Vietnam’s rubber industry has been far more lucrative than expected. In 2021, the export value of rubber reached a 10-year high record, according to the Vietnam Rubber Group. Its pre-tax profit was at a high of US$260.8 million, surpassing 7 percent of the target and the after-tax profit amounted to US$218 million, exceeding 10 percent of the target.
However, the rubber industry has been hit by an input deficit. A point to note is that 70 percent of raw materials especially chemicals are imported from China,
Due to these shortages, Vietnamese firms are engaging other suppliers, such as Japan and South Korea. However, the price of importing from either country is 15 to 20 percent higher than from China. In addition, the available supply from the aforementioned countries is inadequate compared to that of China.
The livestock industry in Vietnam is being hit hard also by the Russia-Ukraine crisis since up to 90 percent of the raw materials for animal feed in Vietnam are imported. Since 2021, the price of raw materials, including wheat, corn, and soybeans, has surged by 30 to 40 percent as both Russia and Ukraine are the world’s top wheat exporters.
The loss in profits of Vietnamese firms in the industry can amount to VND 50-100 billion due to rising animal feed costs as well as transportation costs.
Freight costs are also eating into the budget of agricultural firms as it is reported that sea freight costs have soared by 237 percent compared to 2020, meaning each container of products now costs US$2,650.
Iron and steel
The steep fall in steel and iron supplies is contributed due two main reasons. One, China has practiced an output control policy for iron to ensure domestic demand. This has disrupted iron supply globally compounded by China’s border closures. Second, the Russia-Ukraine crisis has disrupted steel exports from Russia and Ukraine – two dominant steel exporters.
The price of steel in mid-2021 was at US$633 per ton, a surge of 31.5 percent compared to the same period in 2020, while iron saw an increase of around 25 percent in price in 2021, compared to 2020.
High inflation and CPI
The input shortage and rising costs have forced manufacturers and firms to pass on higher costs to consumers, consequently leading to almost a two-year high inflation rate. As of June 2022, a rise of 3.37 percent in Vietnam’s CPI was recorded, according to the General Statistic Office of Vietnam (GSO).
The price spikes across different consumer goods as of June 2022, compared to the same period in 2021, are presented in the table below:
|Category||% of surge|
|Devices and household goods||1.99|
|Housing, building materials||1.53|
|Textile and footwear||1.49|
The emphasis is now on how Vietnam can tackle the situation regarding input shortage. The WB has suggested structural reforms for the economy to become more resilient in times of turmoil and to scale up supply.
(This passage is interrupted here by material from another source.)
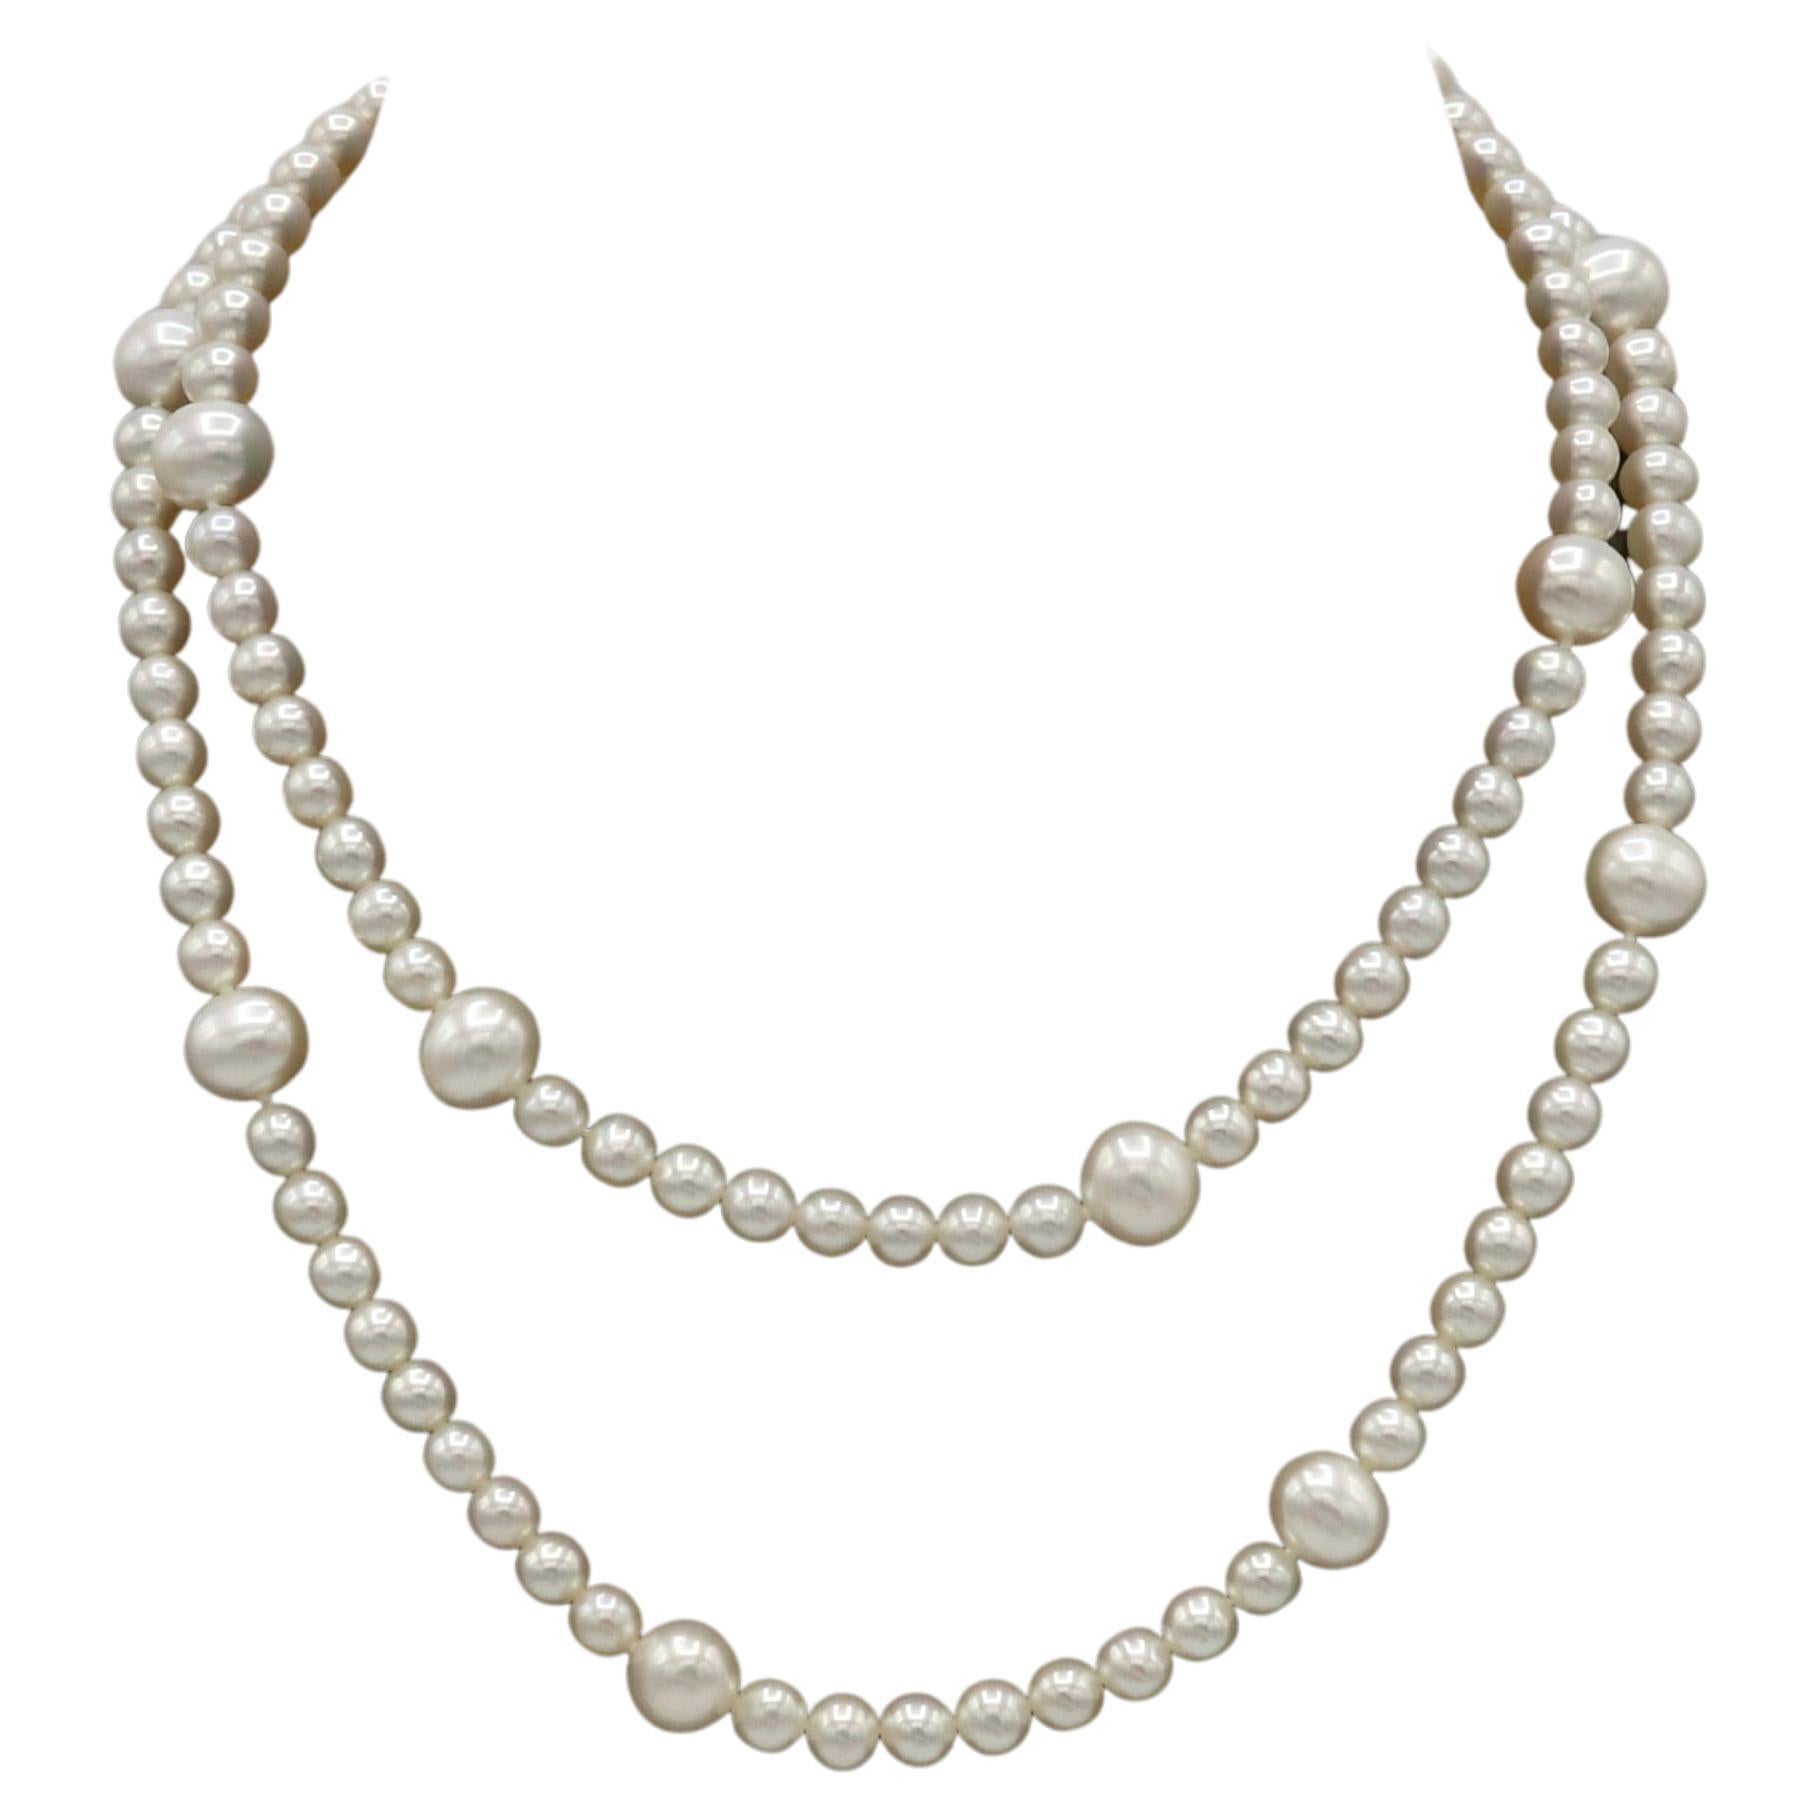 Tiffany & Co. Collier de perles en argent 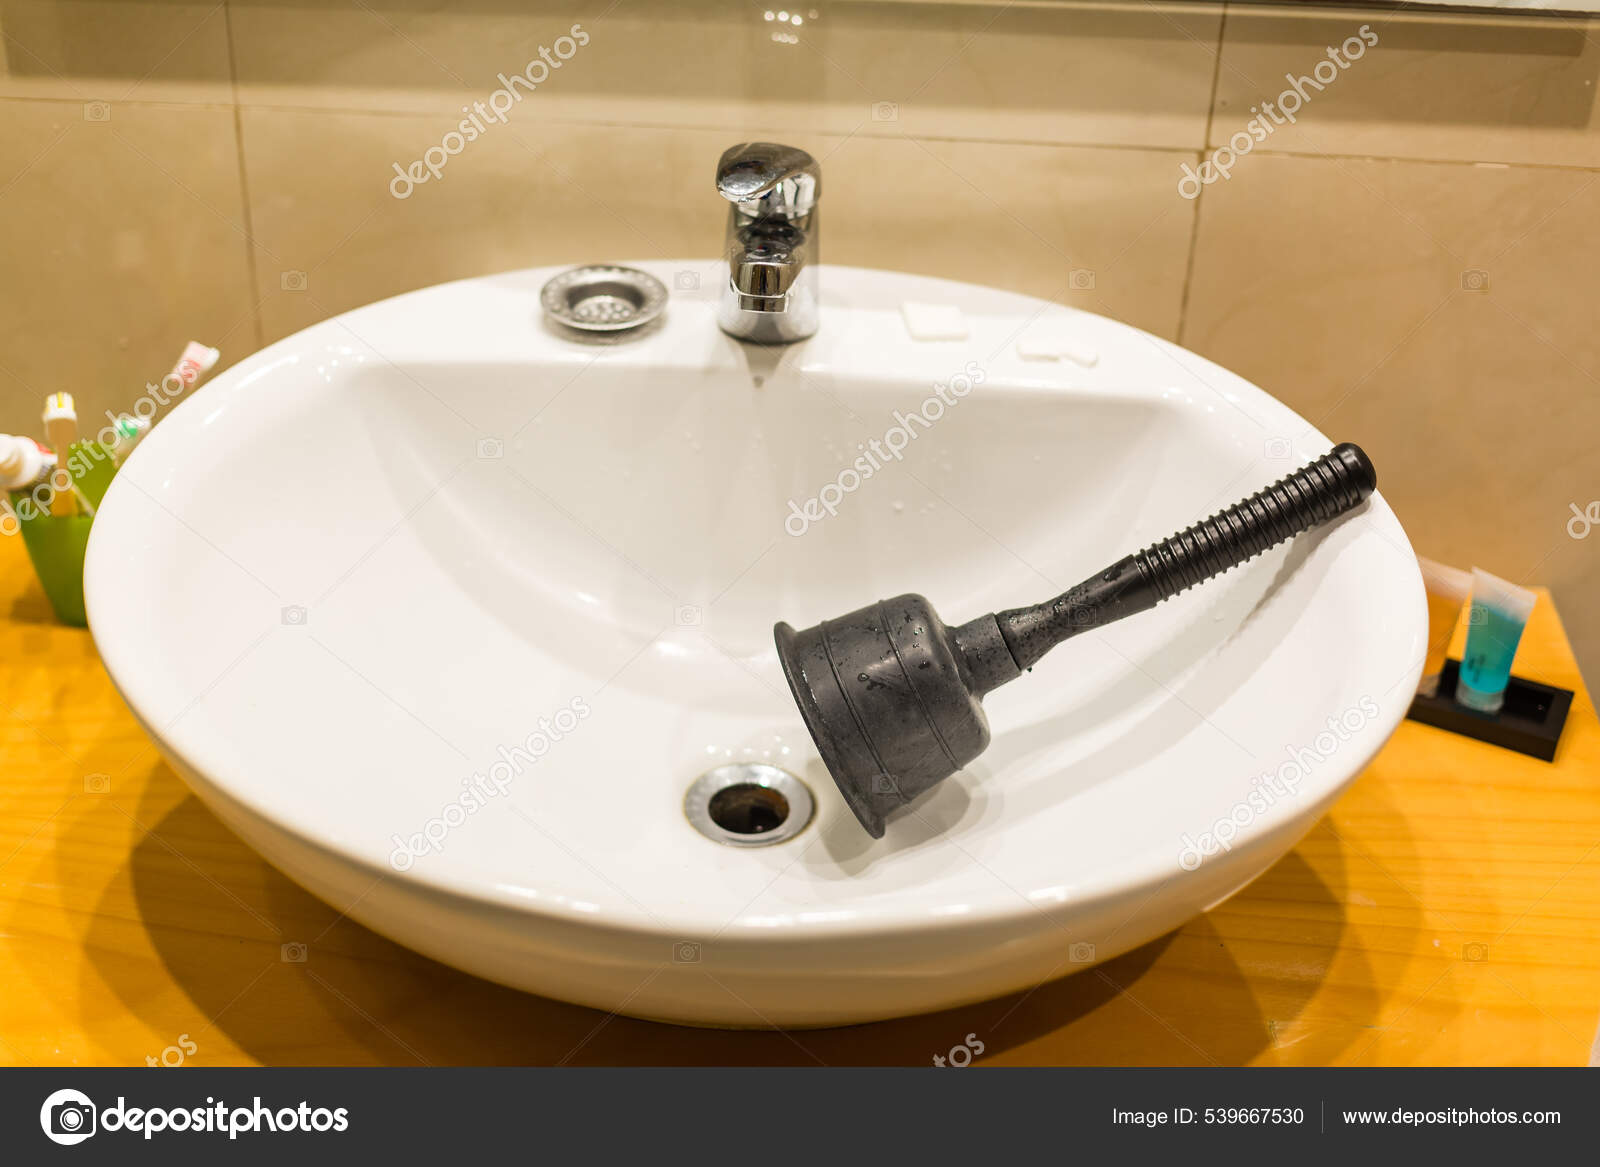 https://st.depositphotos.com/10894906/53966/i/1600/depositphotos_539667530-stock-photo-household-black-sink-plunger-tool.jpg

Tax incentive policies for productive and innovative businesses, transparent legal procedures, and reduced barriers to market entry are three pivotal steps the government can look at while businesses seek to diversify suppliers. The importance of developing a domestic support industry has also been highlighted by experts in order to reduce the dependence on imports. Vietnam’s economy is particularly vulnerable due to its dependence on external trade and its partnerships with global economies.